Does he have a girlfriend? Did my breath taste or smell bad? These reasons keep rolling around in my mind. None of them seem to fit, or maybe all of them do. I eventually give up, resigning to the fact that I may never know. It doesn’t stop me from still feeling that kiss, remembering it. I did not know a kiss, even one so brief, could feel that way.
I kissed Liam more than I’ve kissed anyone else. He’s the guy I was sort of kinda, sort of not dating senior year. Really, I was just using him for a place to stay every once in a while. He was a few years older than me and had an apartment with a couple of roommates. But he “wasn’t into labels” and wanted to “keep things kush” so it was never that serious. Which was fine by me because he smoked more pot than he could afford at his minimum wage job.
When I was kissing him, my thoughts usually wandered to things on my to-do list or how his mouth tasted like Doritos constantly. I don’t ever even remember seeing him eat Doritos. It made no sense.
When I kissed Henry, my mind went completely blank at first. All my senses took over, my sense of touch, taste, and smell going into overdrive. I can remember every tiny sensation. Every gentle brushing of our skin. Trying to make it through work today is going to be brutal. My mind is filled with memories that make me tingle all over.
I’m working with Bev this morning, which means my shift will be fun and go by fast.

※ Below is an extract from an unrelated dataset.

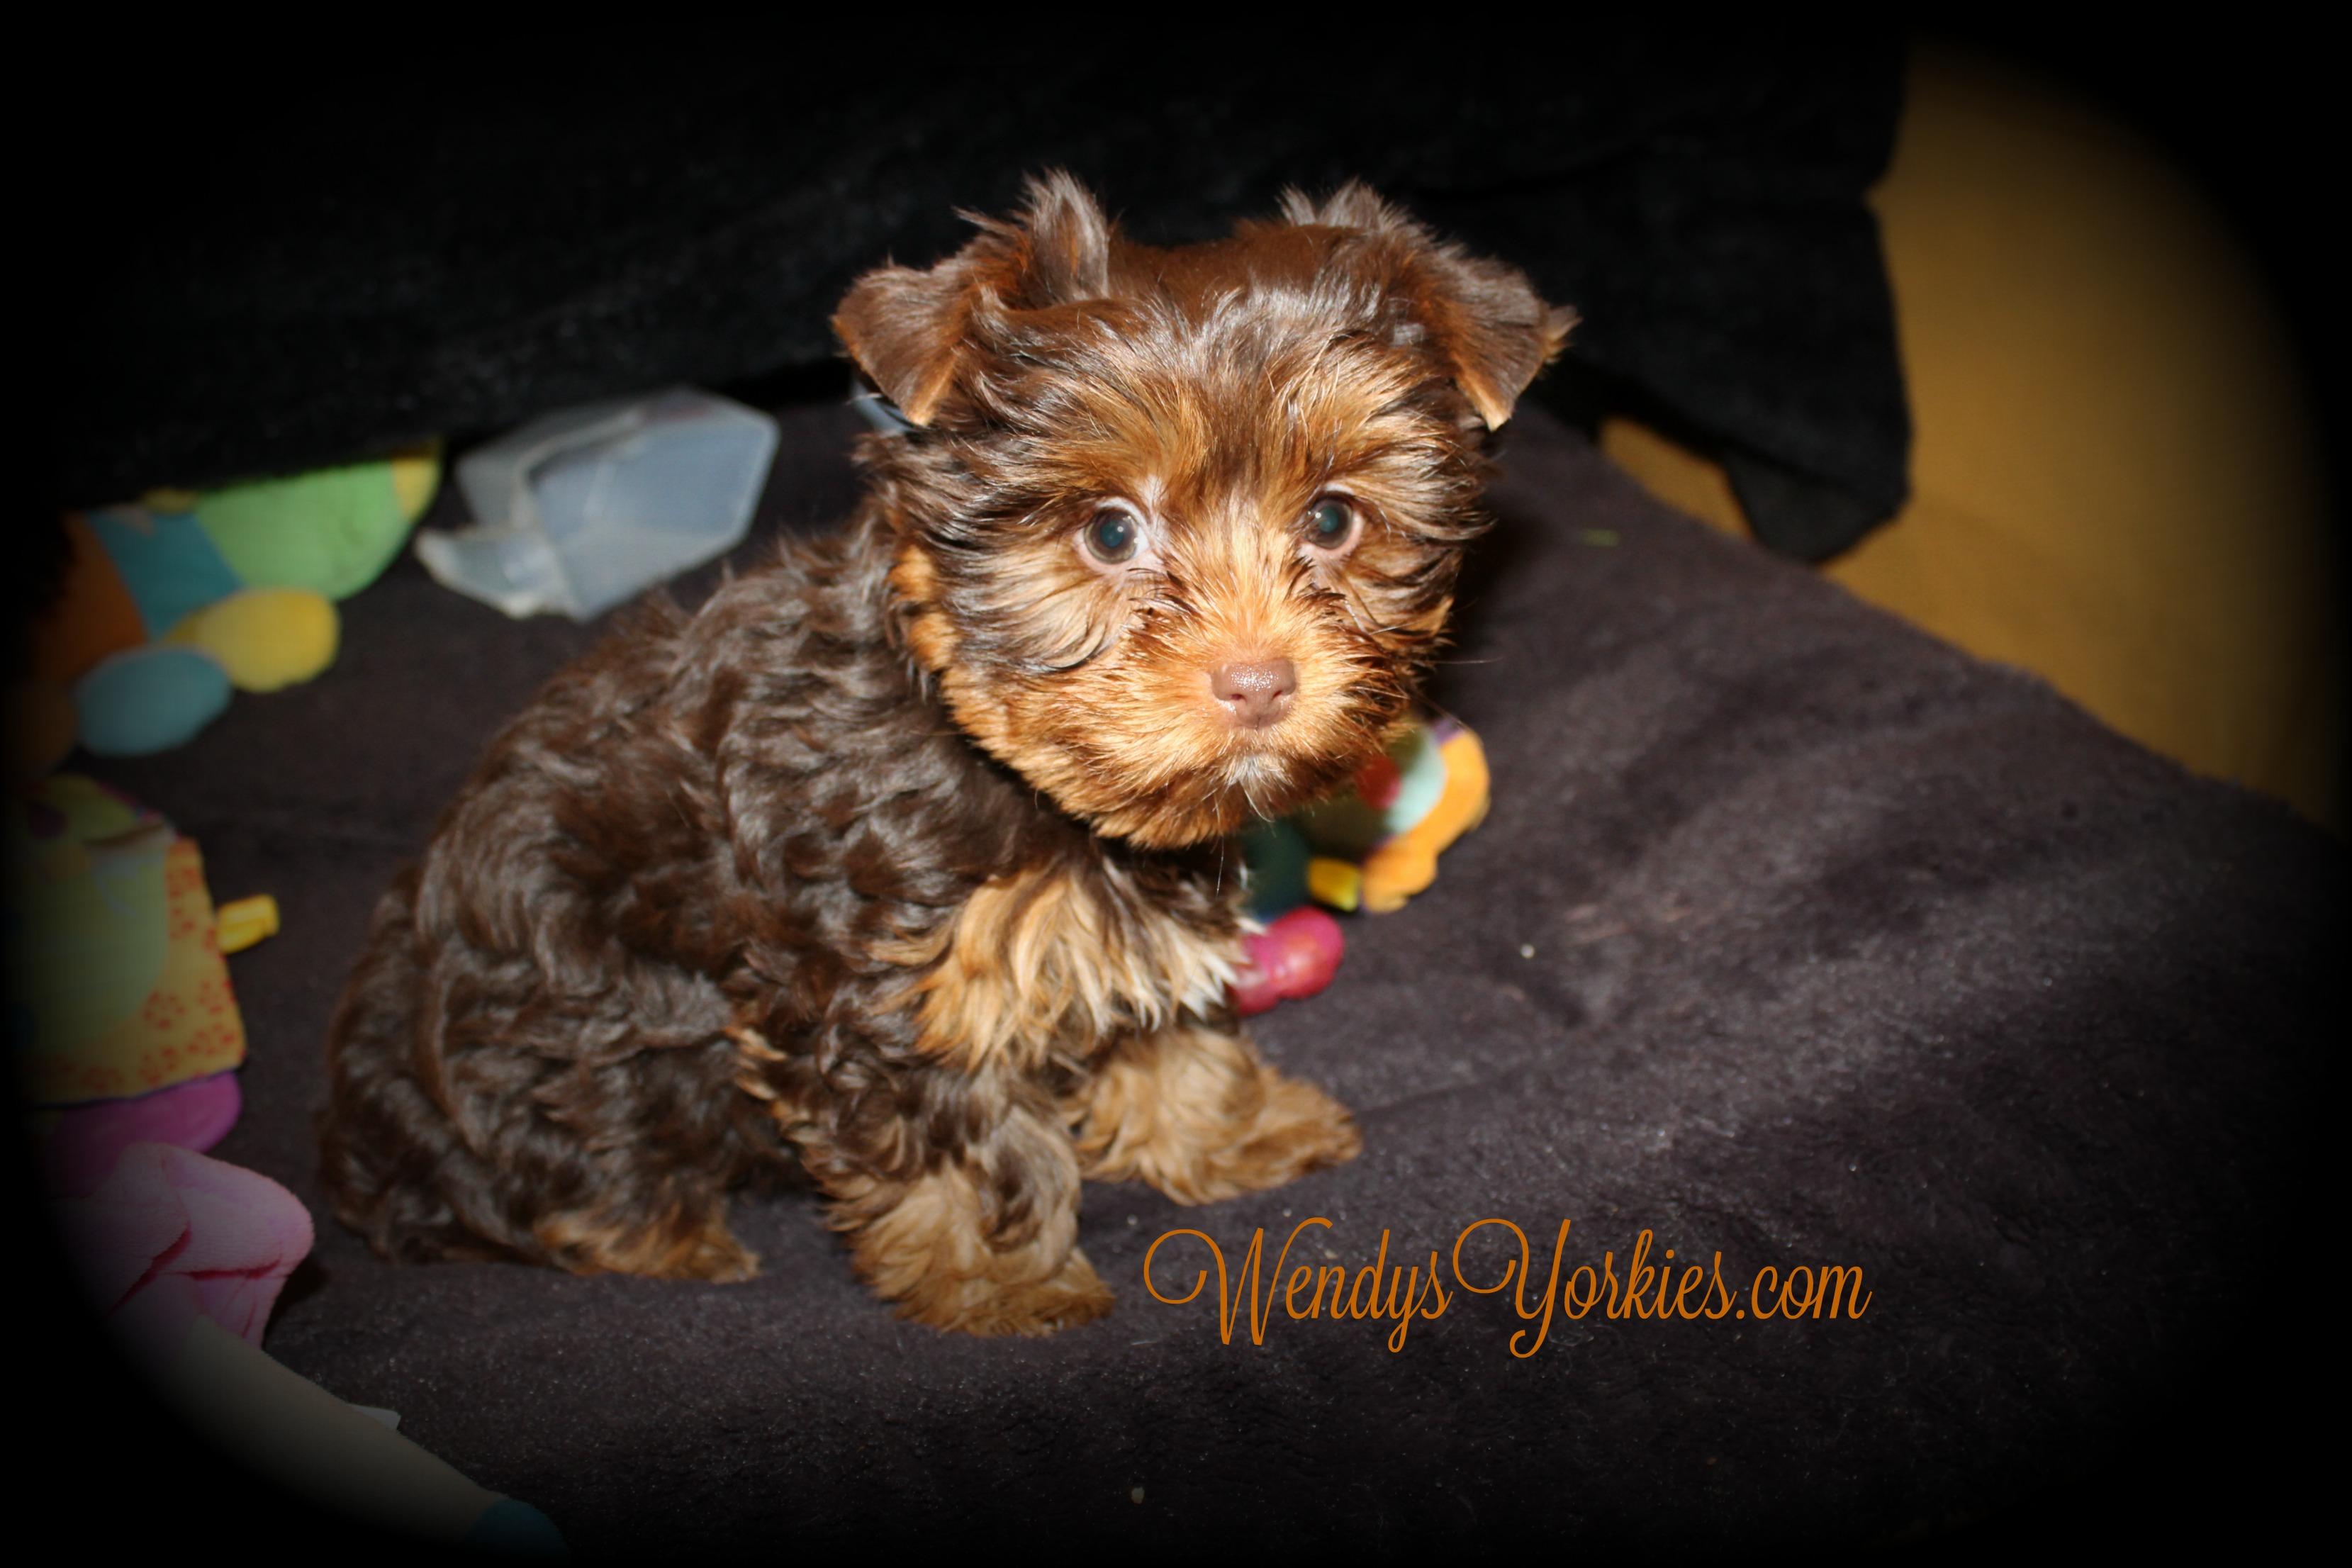 Chocolate Yorkie puppies for sale, WendysYorkies, Lela cf1

Bev likes to make sure the jukebox is always on so she can dance around while we work. I’ve even let her pull me into her dance breaks occasionally. The diner is busy with its usual morning rush of people grabbing food before heading off to school or work. There are the regulars that sit at the counter while they drink their coffee and read the newspaper. A few of them even have laptops open, getting a head start on the day's work.
I pause for a minute and think about how lucky I am. Lucky to have gotten this job. To have ended up in this town where I’m feeling at peace. Like I belong. Taylor has been the perfect roommate and the closer we get, the more I know she’s someone I’ll be friends with for the rest of my life. I tease her regularly about not sticking me in a hideous dress when I’m a bridesmaid at her and Jesse’s wedding one day. I don’t think I’ve ever had a friend I could talk to about plans so far in the future.
All of my friends have been the kind that I only see at school or work, never making a genuine connection with any of them. In the last few years of highschool, friends were a necessary evil. A means to an end. Someone I was close enough to I could ask to crash on their couch for a night or two. Yet, not close enough to have to explain why I needed a place to crash. They were friends that didn’t ask questions.
Sometimes I think I’ll share more of my past with Taylor–it’s not as if she hasn’t asked me about my life before coming to Easton. I am just the queen of diverting the conversation and dodging the hard questions. She never presses me when I do it, and that makes me love her even more. It’s a happy balance between her seeming to be genuinely interested in me and my life, but still recognizing when there are things I don’t want to talk about.